Issue 18187

Russian text breaks taxonomic and geographic parsing

18187
Reporter: rdmpage
Type: Feedback
Summary: Russian text breaks taxonomic and geographic parsing
Priority: Major
Status: Open
Created: 2016-01-31 12:16:06.147
Updated: 2016-02-15 13:45:38.375
        
Description: The data set  "monocotyledonous_geophytes_of_fergana_valley" http://www.gbif.org/dataset/1962b370-4fd5-4b22-a30e-0adb8570688d is a mixture of English and Russian, and this causes a bunch of parsing issues. For example, http://www.gbif.org/occurrence/1233581579 is flagged as "country invalid" when it is given as "Киргизия (= Kyrgyzstan).

Likewise the scientific name is given as "Allium cisferganense R.M. Fritsch" which is fine (see http://www.ipni.org/ipni/idPlantNameSearch.do?id=20007588-1 and http://www.zobodat.at/pdf/STAPFIA_0080_0381-0393.pdf,  this occurrence is the type specimen for this name). The verbatim record has a mixture of English and Russian versions of the taxonomic names at different levels. Curious as to why the scientific name has not been parsed, does the presence of mismatches higher up th taxonomic tree cause problems?
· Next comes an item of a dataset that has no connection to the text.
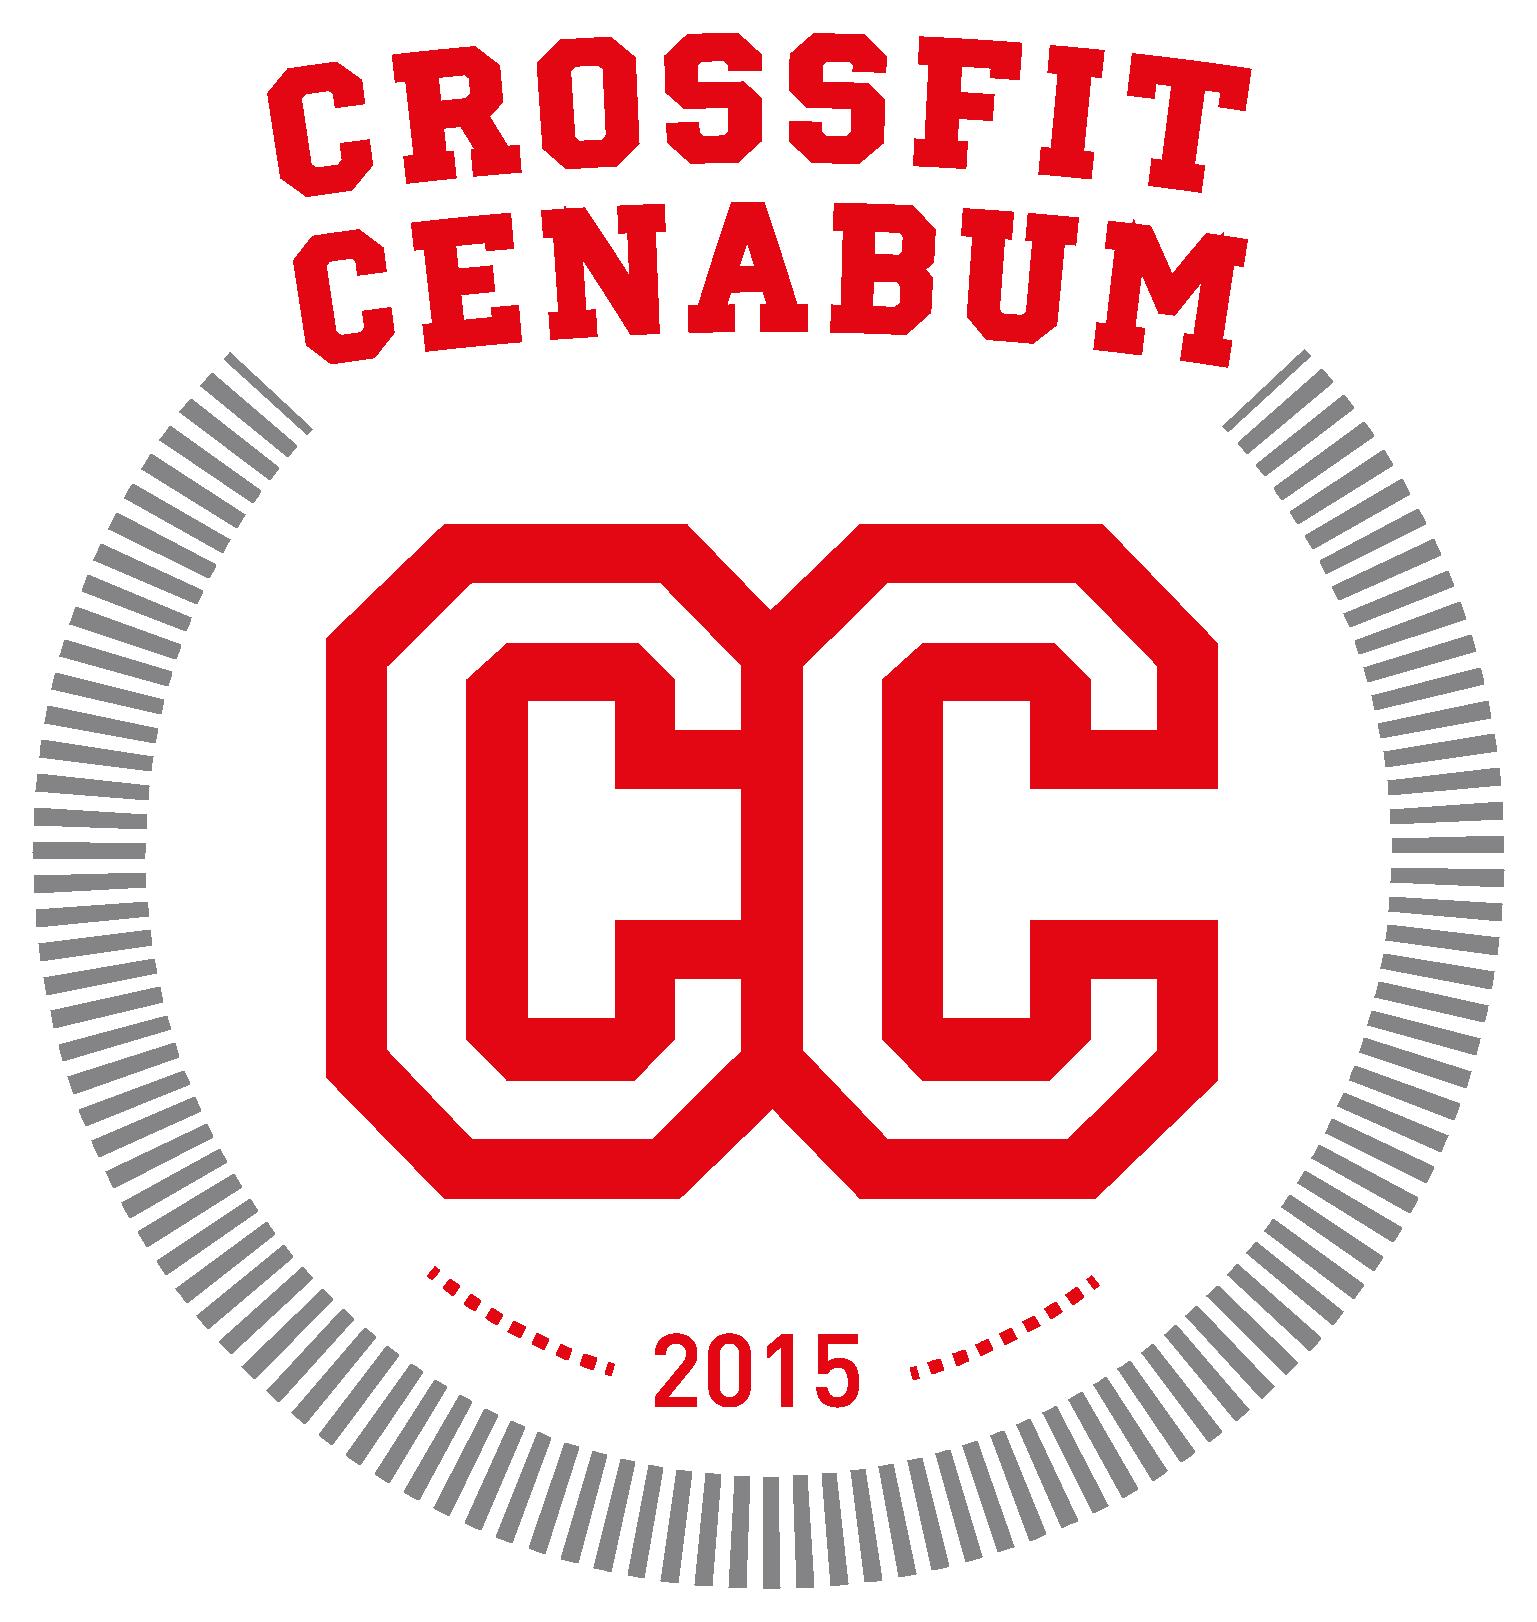 Le Shop CrossFit Cenabum Logo

This dataset clearly posses some issues for the GBIF parser, but at the moment most of its information is being lost because it doesn't handle Russian.]]>


Author: mdoering@gbif.org
Created: 2016-02-01 11:55:36.542
Updated: 2016-02-01 11:55:36.542
        
The species match works if just the name is given:

http://api.gbif.org/v1/species/match?verbose=true&name=Allium%20cisferganense%20R.M.%20Fritsch

It still works if the higher tree down to family is given in cyrillic, but with quite some confidence penalty:
http://api.gbif.org/v1/species/match?verbose=true&name=Allium%20cisferganense%20R.M.%20Fritsch&kingdom=%D0%A0%D0%B0%D1%81%D1%82%D0%B5%D0%BD%D0%B8%D1%8F&phylum=%D1%86%D0%B2%D0%B5%D1%82%D0%BA%D0%BE%D0%B2%D1%8B%D0%B5&order=%D0%A1%D0%BF%D0%B0%D1%80%D0%B6%D0%B0%D1%86%D0%B2%D0%B5%D1%82%D0%BD%D1%8B%D0%B5&family=Amaryllidaceae%20Jaume


Author: mdoering@gbif.org
Created: 2016-02-01 11:56:21.656
Updated: 2016-02-01 11:56:21.656
        
I assume this comes from the authorship being different in the explicitly given term to the authorship string in scientificName

SCIENTIFICNAME Allium cisferganense R.M. Fritsch
SCIENTIFICNAMEAUTHORSHIP Reinhard M. Fritsch


Author: mdoering@gbif.org
Comment: Looks like there is a bug in our occurrence interpretation code. It hardcodes Rank.SPECIES when matching names
Created: 2016-02-01 12:56:36.033
Updated: 2016-02-01 12:56:36.033


Author: mblissett
Created: 2016-02-01 13:27:11.498
Updated: 2016-02-01 13:27:11.498
        
Country names:

At the moment, non-ASCII-alphabetic characters are ignored by the country parser.  This was probably to handle cases like Zaïre / Za€Äre, but it means Киргизия won't work.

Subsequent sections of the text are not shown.